Today’s session is mainly about the PID. I have a Gaggia Classic that had an Auber type PID in a very nice aluminium enclosure. I removed and replaced it with a Rex C100 PID, freeing up the Auber for this project. I had thought of fitting the Auber in a cutout in the front panel but have read that the PID doesn’t like heat and can go wonky when boiler is at steaming temperature, as I plan to only partially insulate the boiler I decided to mount the PID on the outside. The enclosure was too long to fit under the front panel so it had to be shortened to fit. It now fits but restricts movement of the steam arm, the arm will still ‘park’ over the drip tray and will swivel to the right for steaming so it’s all good.

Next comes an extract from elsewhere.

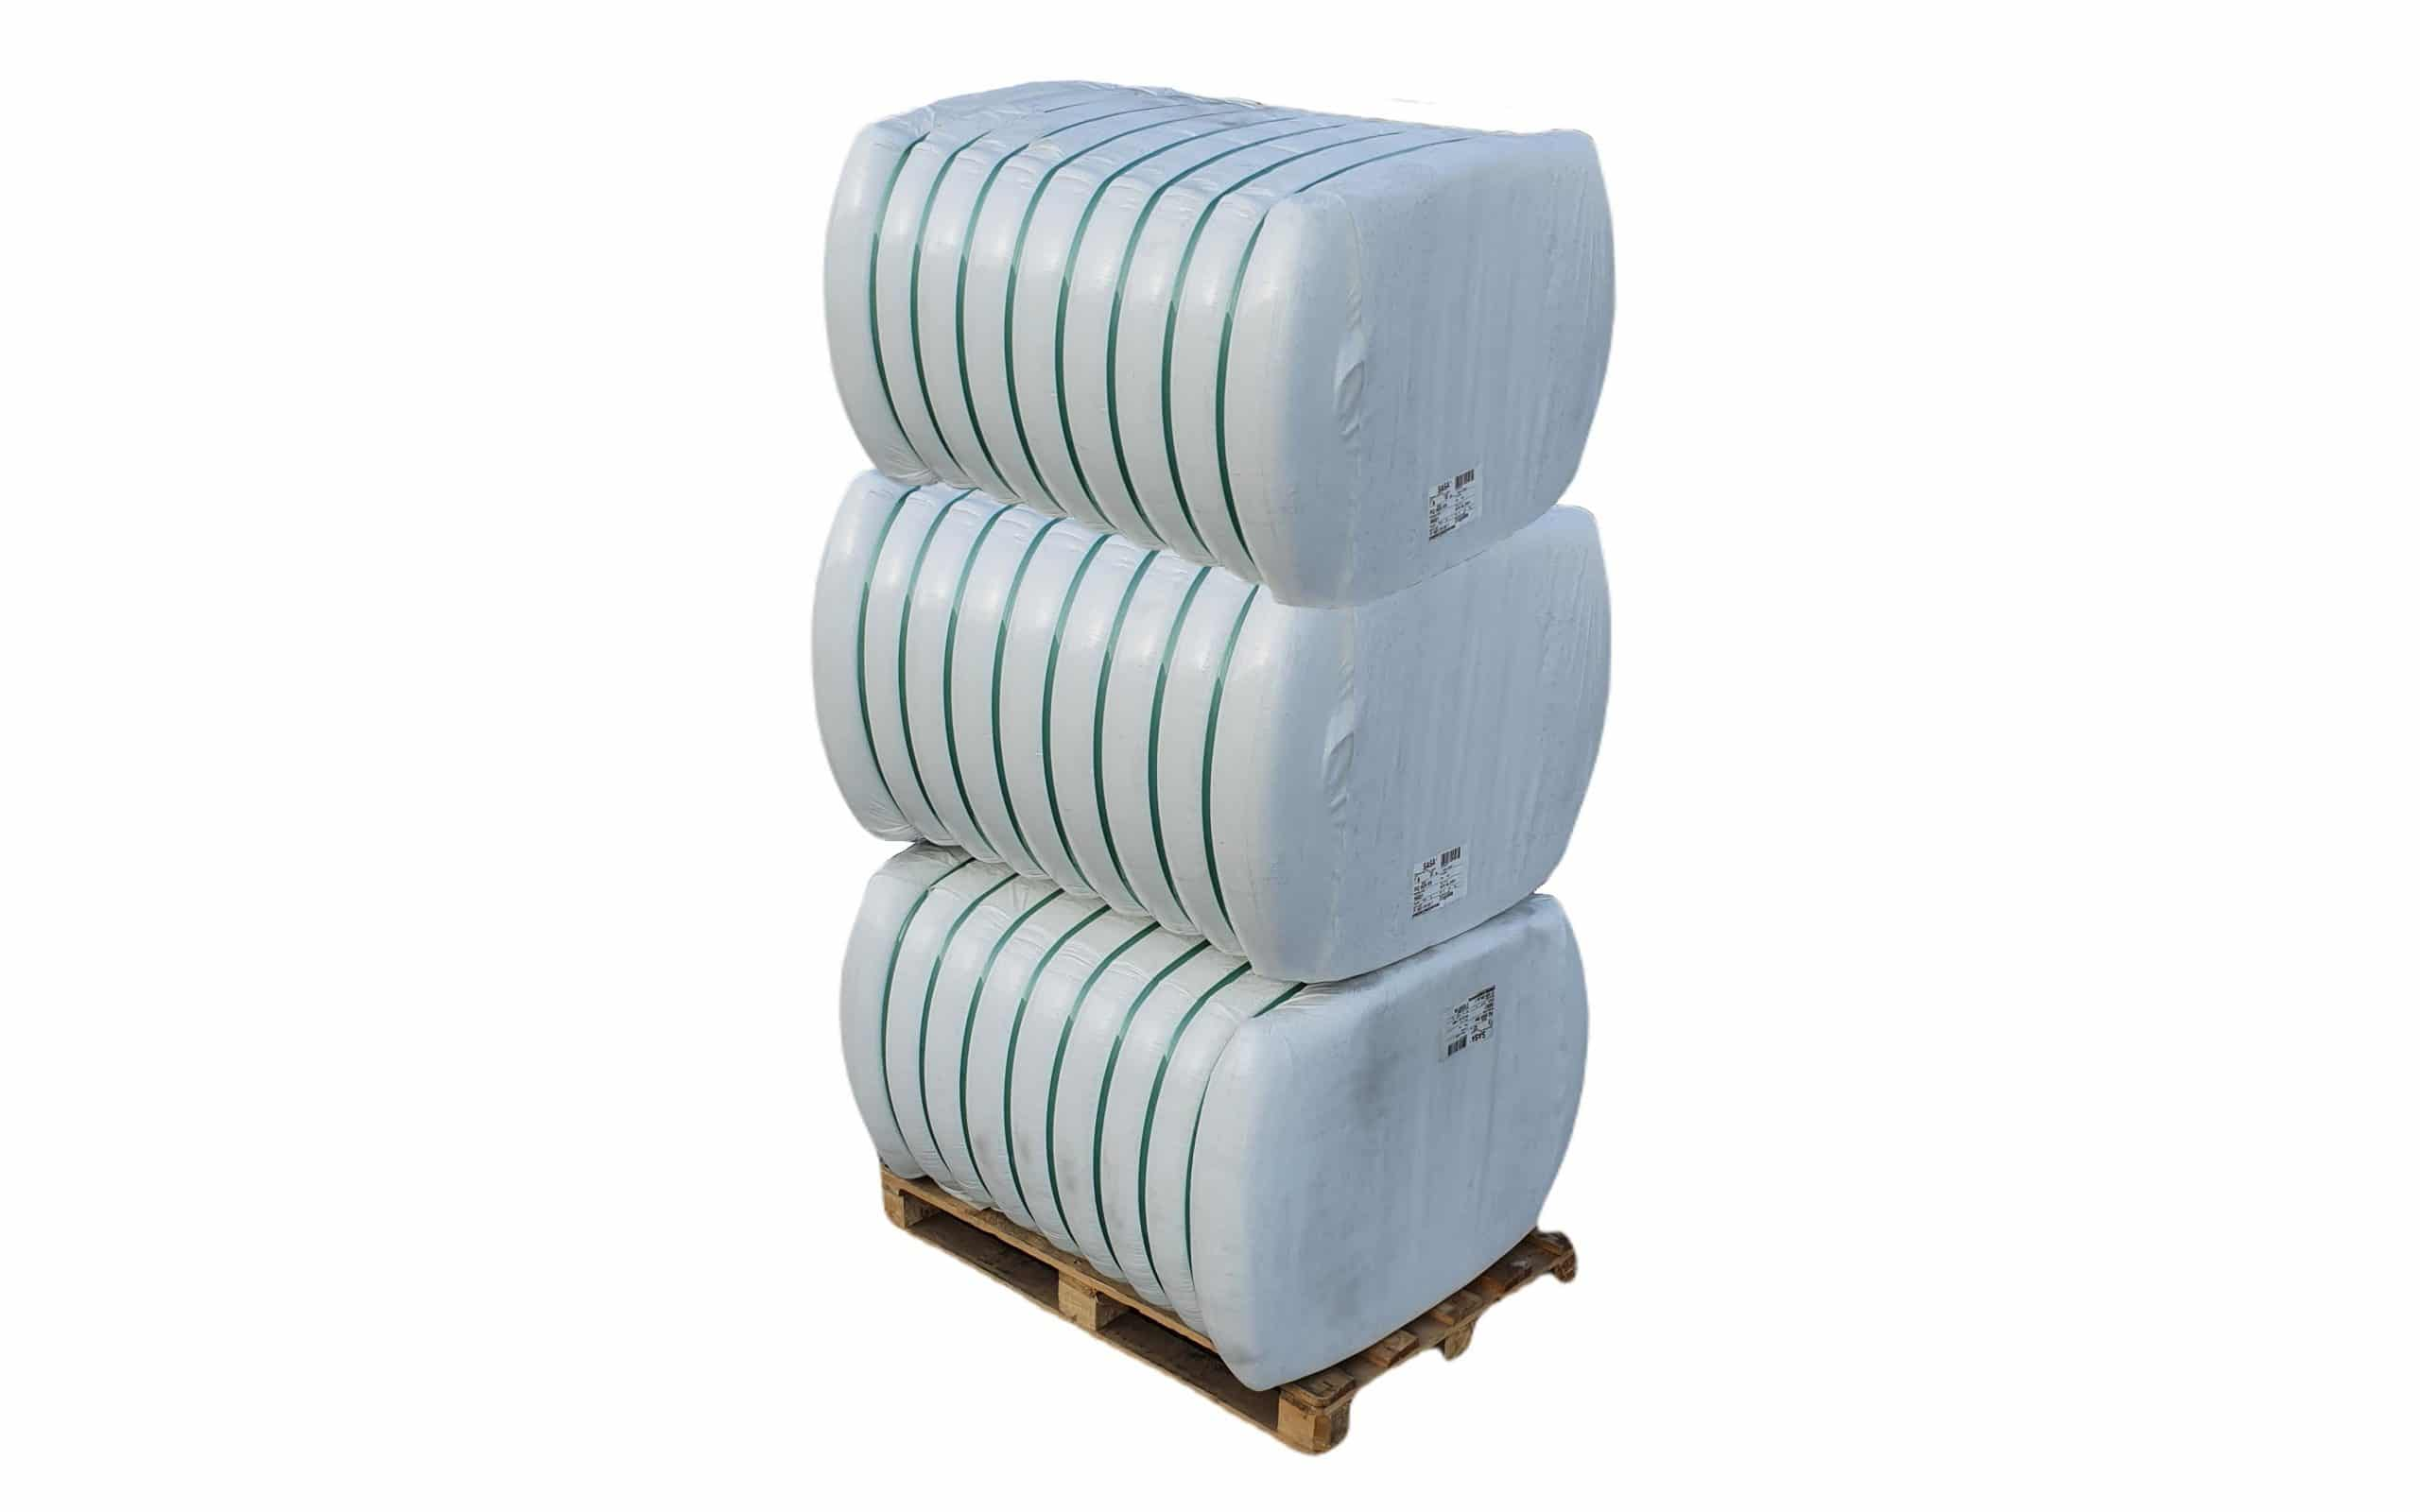 Fibra poliester hollow siliconizata conjugata, HCS 7D x 32 mm pentru fabricare umplutura perne si pilote, 3 x 250 Kg poza somnart.ro

I spent a long time with the wiring, working out and making the new connections. The Auber pinout connections to the SSRs are different to the Rex and that caused some confusion. Fired it up and found that the steam switch didn’t do anything, I discovered that I had connected both outlets from the steam SSR to neutral points, one quick reconnection to a switched live point and all working, no harm done. I still retained the overheat cutout as a safety measure, I made sure that the power from steam SSR goes through the overheat cutout too. Spent some time getting the temperature offset right, I used a digital thermometer with the probe clamped to the top of the boiler next to the PT100 probe as the datum. So the PID display now (hopefully ) reads the actual temperature at the top of the boiler. The PID settings were still as for the Classic so there was a large temperature overrun, the alarm was set for 137c and I saw the temp overshoot to 155c. Once I get the insulation installed and the top cover on I’ll do an autotune. All good fun but if you don’t have wiring instructions and have to work things out, it takes a lot of time, you don’t want to blow anything up. Some of the plastic shrouds on the connections over the boiler crumbled due to years of heat, replaced with spares
Pleased to see that the front gauge works without flutter. I realised that if I keep the steam knob closed, operating the hot water dispense switch pressurises the system and you can read the brew pressure on the gauge, can’t do that on a Classic. Gauge reads a steady 10 bar, so allowing about 1 bar difference between pump connection and group head the pressure is about right. No leaks from steam valve, so old O rings still holding.
On the home straight now, should finish in the next session.